EDIT: Apparently I wrote something about that exact topic, 12 years ago: https://www.bigmessowires.com/2011/08/25/68000-interleaved-memory-controller-design/
 

Phipli

Well-known member
I'm not sure where you're getting 1.06% from? I see a score of 19.1 versus 18.0, so that's about 6% faster. This squares with what I'd read somewhere else saying the 68030 is about 5% faster than the 68020 at the same clock speed, due to the additional cache it has.
Yup. Just me being daft. I read it and forgot to multiply by 100 for 106% of the base number. Don't mind me. One of those days.

More in line with what I was expecting.
On a different topic, I'm surprised to see the CPU performance difference between the SE and Plus in your results. They are both 8 MHz 68000 on a 16-bit bus, and I'd always thought their performance was identical. But I dimly remember something is different about how they interleave access to RAM between the CPU and the video circuit.
So this is due to the improved SE design like you say, wrt the video.
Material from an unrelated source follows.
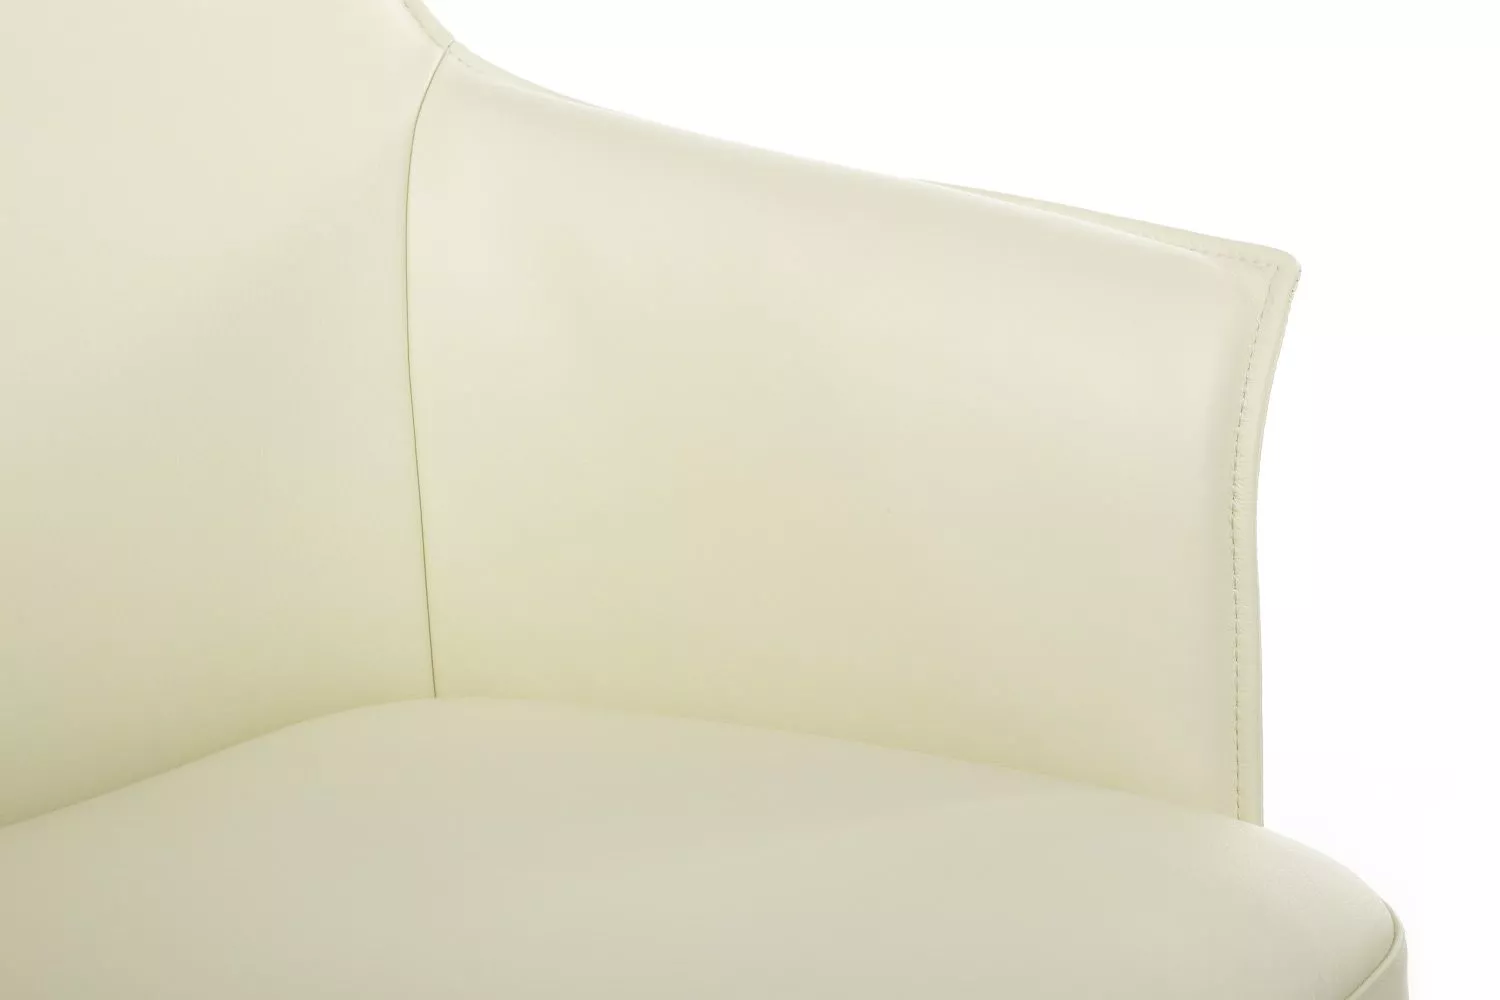 Кресло RIVA DESIGN Rosso-ST (C1918) белый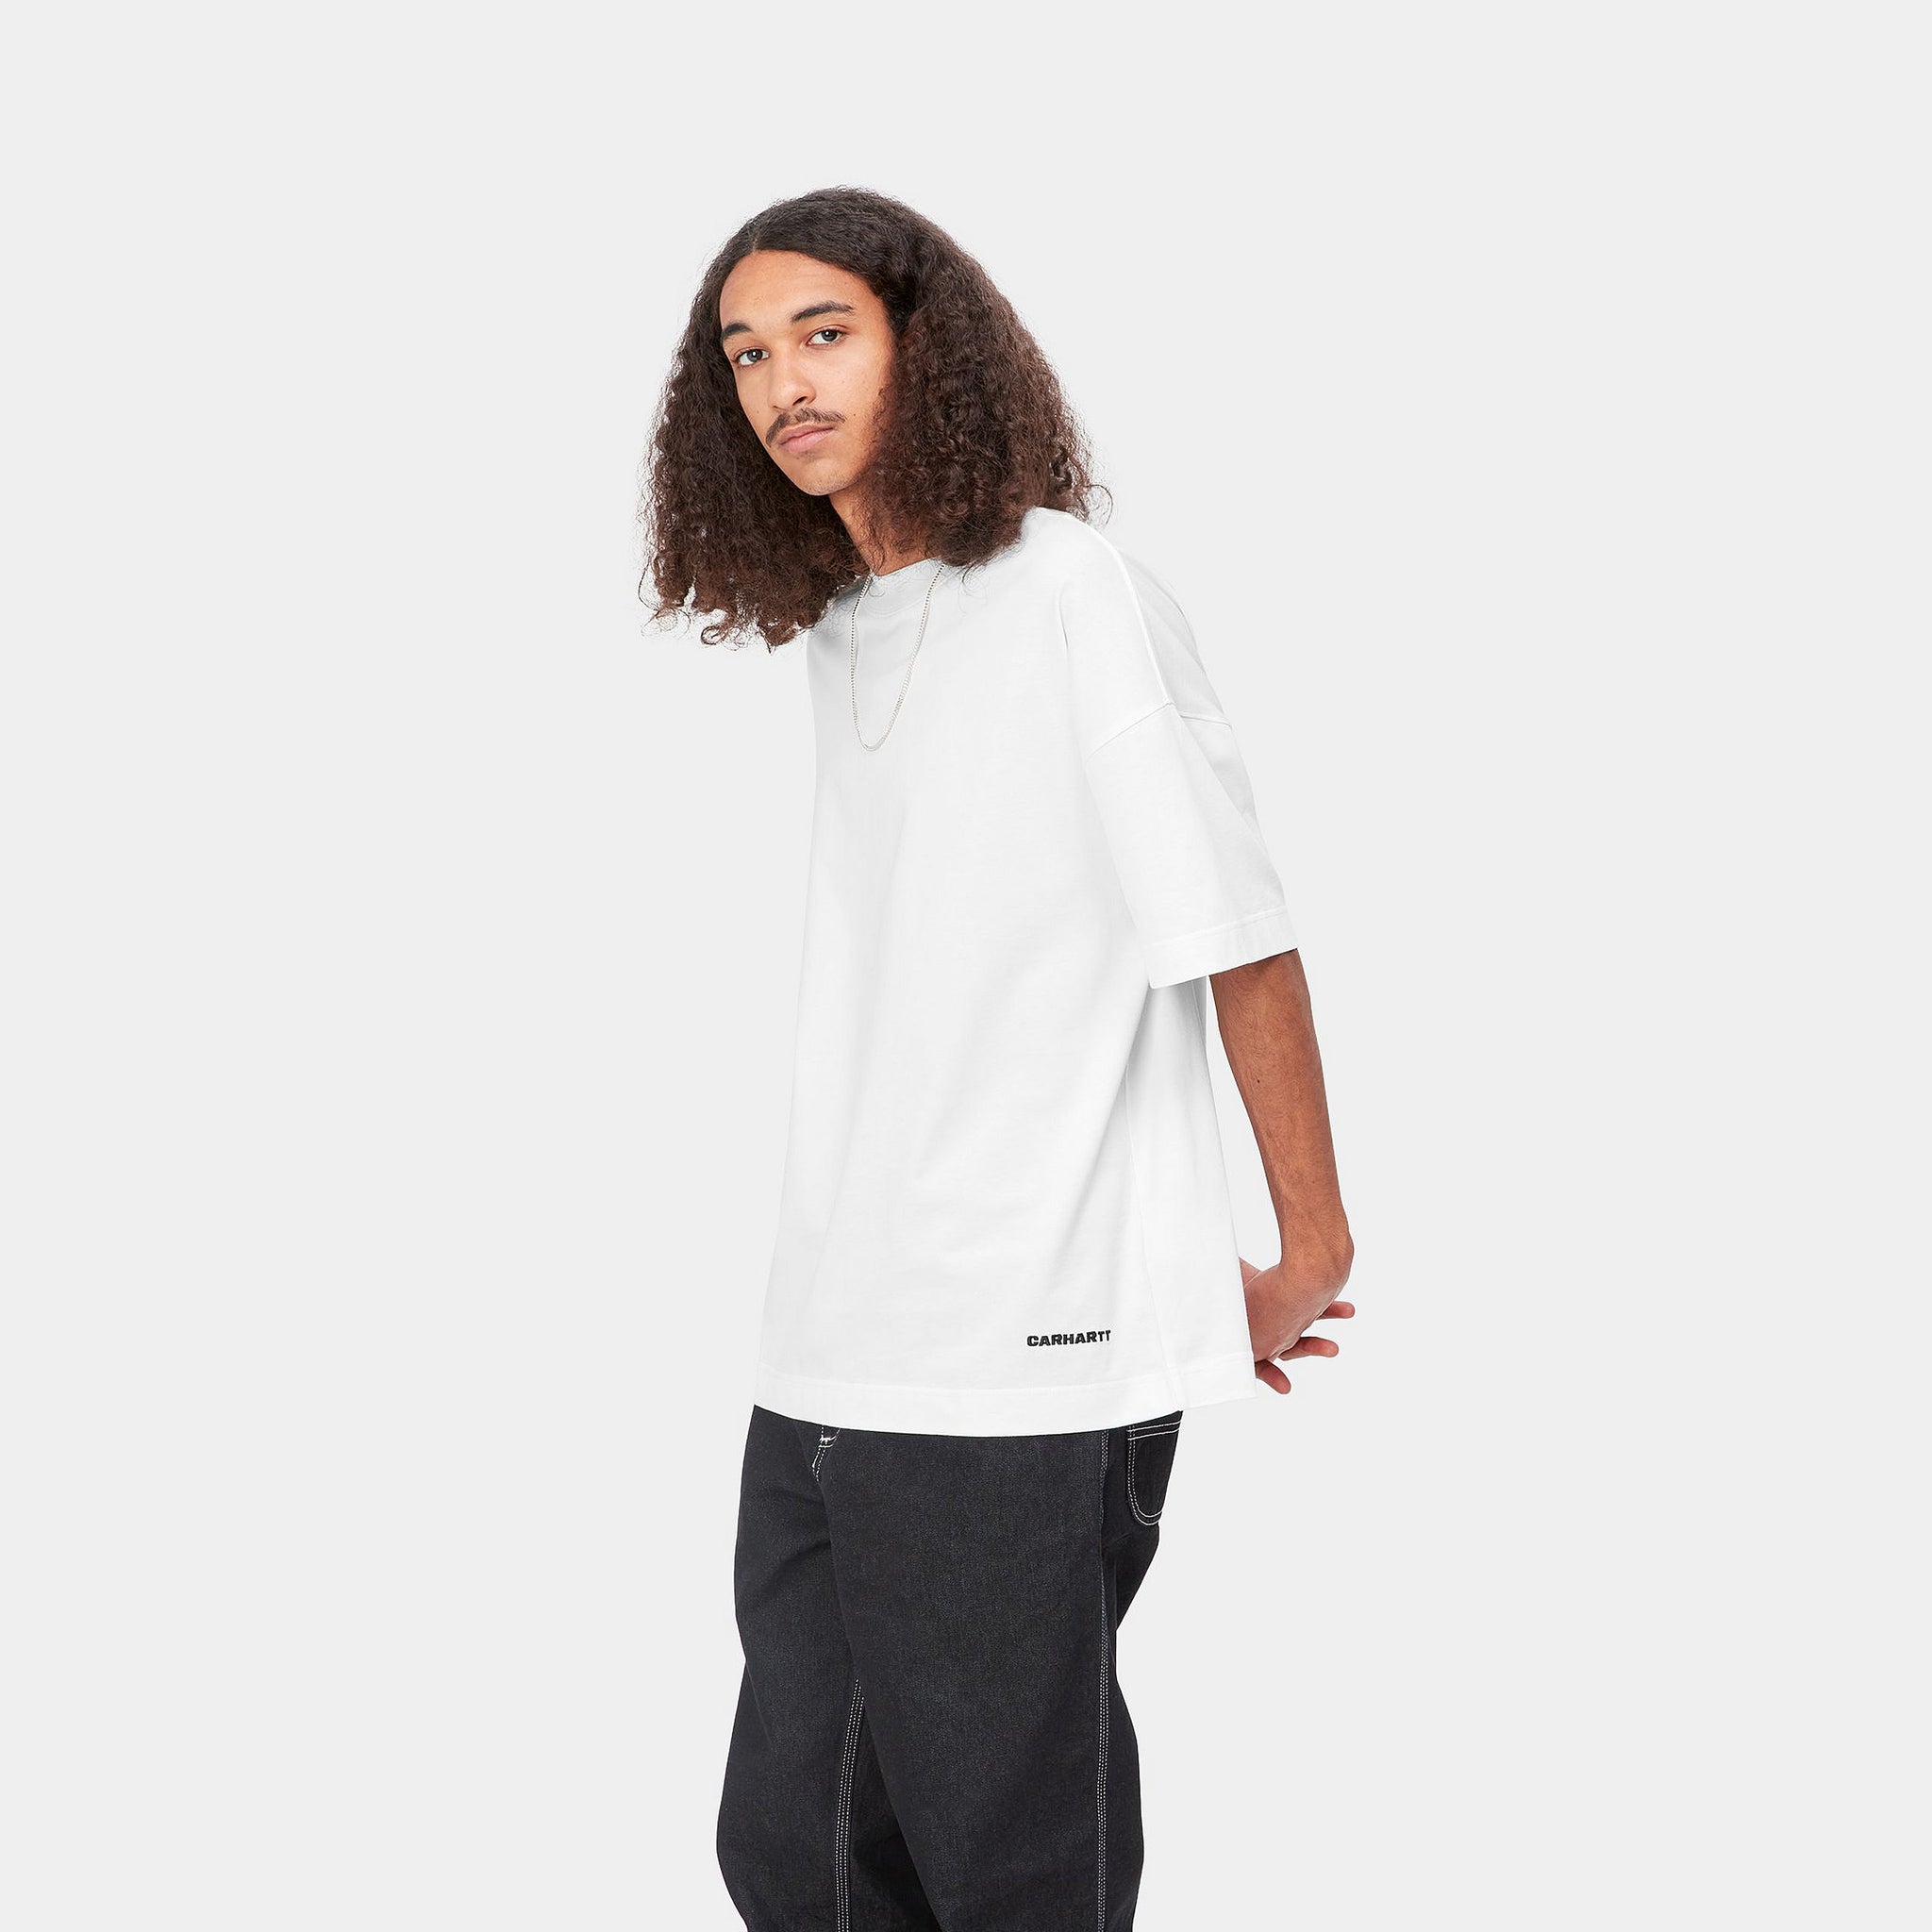 S/s Link Script T-shirt 100% Organic Cotton Single Jersey, 230 G/m² (White / Black)

The CPU gets 100% of the memory time during the vertical blanking with both machines, but on the Plus, it only gets... 50% I think it is... of the time during the screen draw period, while on the SE it gets 3/4 of the time???. The way they did it was set up the SE so that it had a bigger shift register and it read two 16bit words of the memory and cached it, instead of a single 16bit word on the Plus. It was able to read two words in not much more time than one, and so left more time for the CPU to do its thing before the video circuit needed memory again. The CPU can access RAM during screen drawing the whole time the shift register clocks out its data...

If I remember correctly, the 32bits the SE reads is half video data and half floppy drive spindle speed data... for reasons.

Edit : to be clear, I need to verify the timings, but you get the idea, the RAM is available to the CPU for periods which are twice as long during the screen draw phase.